[LU-187] umount hang when running conf-sanity test 29 Created: 02/Apr/11 Updated: 30/May/13 Resolved: 01/Jun/11 |
|
| Status: | Closed |
| Project: | Lustre |
| Component/s: | None |
| Affects Version/s: | Lustre 2.1.0 |
| Fix Version/s: | None |
| Type: | Bug | Priority: | Minor |
| Reporter: | Sarah Liu | Assignee: | Jian Yu |
| Resolution: | Cannot Reproduce | Votes: | 0 |
| Labels: | None | ||
| Attachments: |
|
| Severity: | 3 |
| Rank (Obsolete): | 8477 |
| Description |
|
umount mds hang when running conf-sanity test 29 MDS: INFO: task umount:24781 blocked for more than 120 seconds. |
| Comments |
| Comment by Peter Jones [ 02/Apr/11 ] |
|
Yu Jian Can you please try and understand the cause of this hang?
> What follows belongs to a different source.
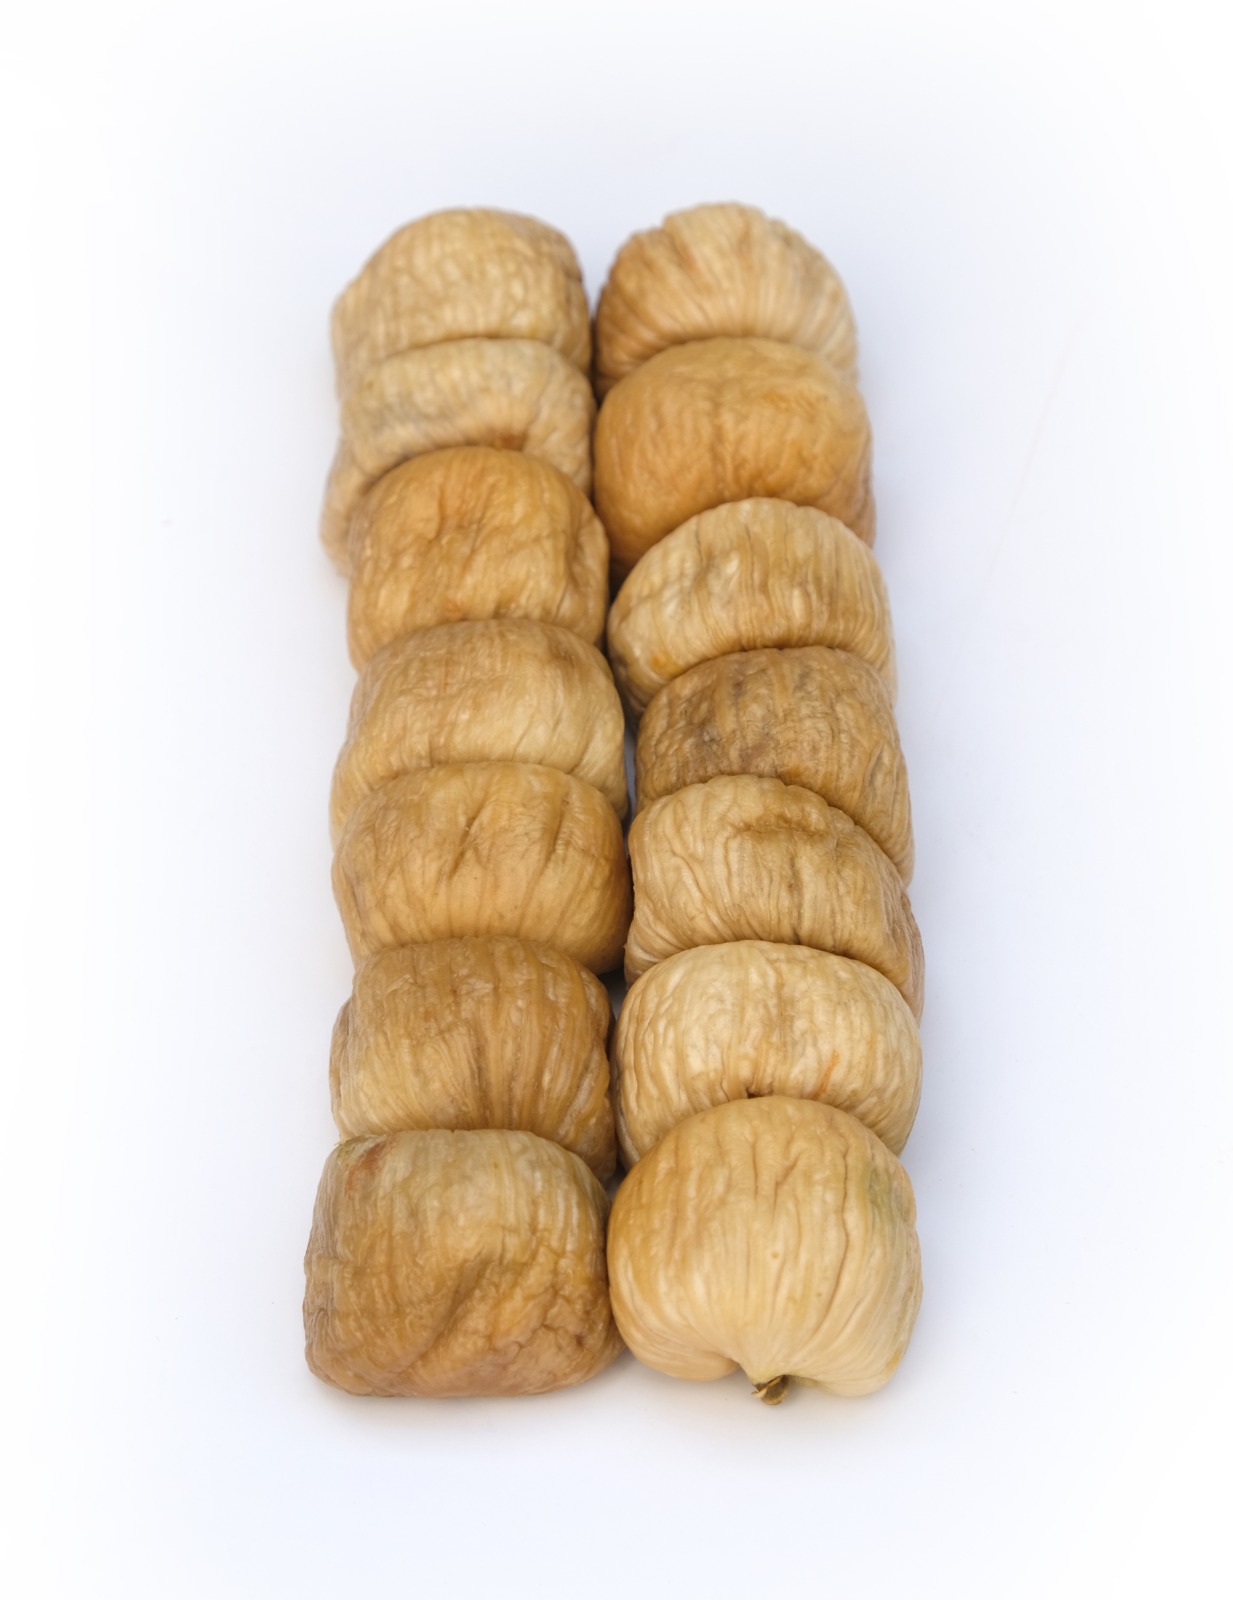 05- PULLED Dried Figs

Thanks Peter |
| Comment by Jian Yu [ 20/Apr/11 ] |
|
From the syslog of the MDS node, we could see: Lustre: Permanently reactivating lustre-OST0001 Lustre: lustre-OST0001-osc-MDT0000: Connection to service lustre-OST0001 via nid 192.168.4.129@o2ib was lost; in progress operations using this service will wait for recovery to complete. LustreError: 167-0: This client was evicted by lustre-OST0001; in progress operations using this service will fail. Lustre: lustre-OST0001-osc-MDT0000: Connection restored to service lustre-OST0001 using nid 192.168.4.129@o2ib. LustreError: 11-0: an error occurred while communicating with 192.168.4.129@o2ib. The ost_set_info operation failed with -107 After reactivating the lustre-OST0001, the communication between MDS and OSS hit -107 (-ENOTCONN, Transport endpoint is not connected) error. Sarah, do you have the dmesg/syslog of the OSS node? I could not reproduce this issue on Toro cluster, and then could not figure out what happened on the OSS node. |
| Comment by Sarah Liu [ 20/Apr/11 ] |
|
sorry, I don't have those logs. I will try to reproduce this bug and gather the logs. |
| Comment by Jian Yu [ 01/Jun/11 ] |
|
The issue has not been reproduced for two months. Let's close the ticket. If you hit the issue again, please feel free to reopen it. |
| Comment by Colin Faber [X] (Inactive) [ 22/Jun/11 ] |
|
Hi, I'm able to reproduce this pretty reliably: INFO: task touch:22268 blocked for more than 120 seconds. |
| Comment by Stephen Champion [ 30/May/13 ] |
|
I tripped over this running acceptance on a SLES11SP1 / Lustre 2.1.5 client : crash> bt 24884 I doubt I'll have time to spare chasing it down, but I can make the core and logs available to anyone who wants to take a look. |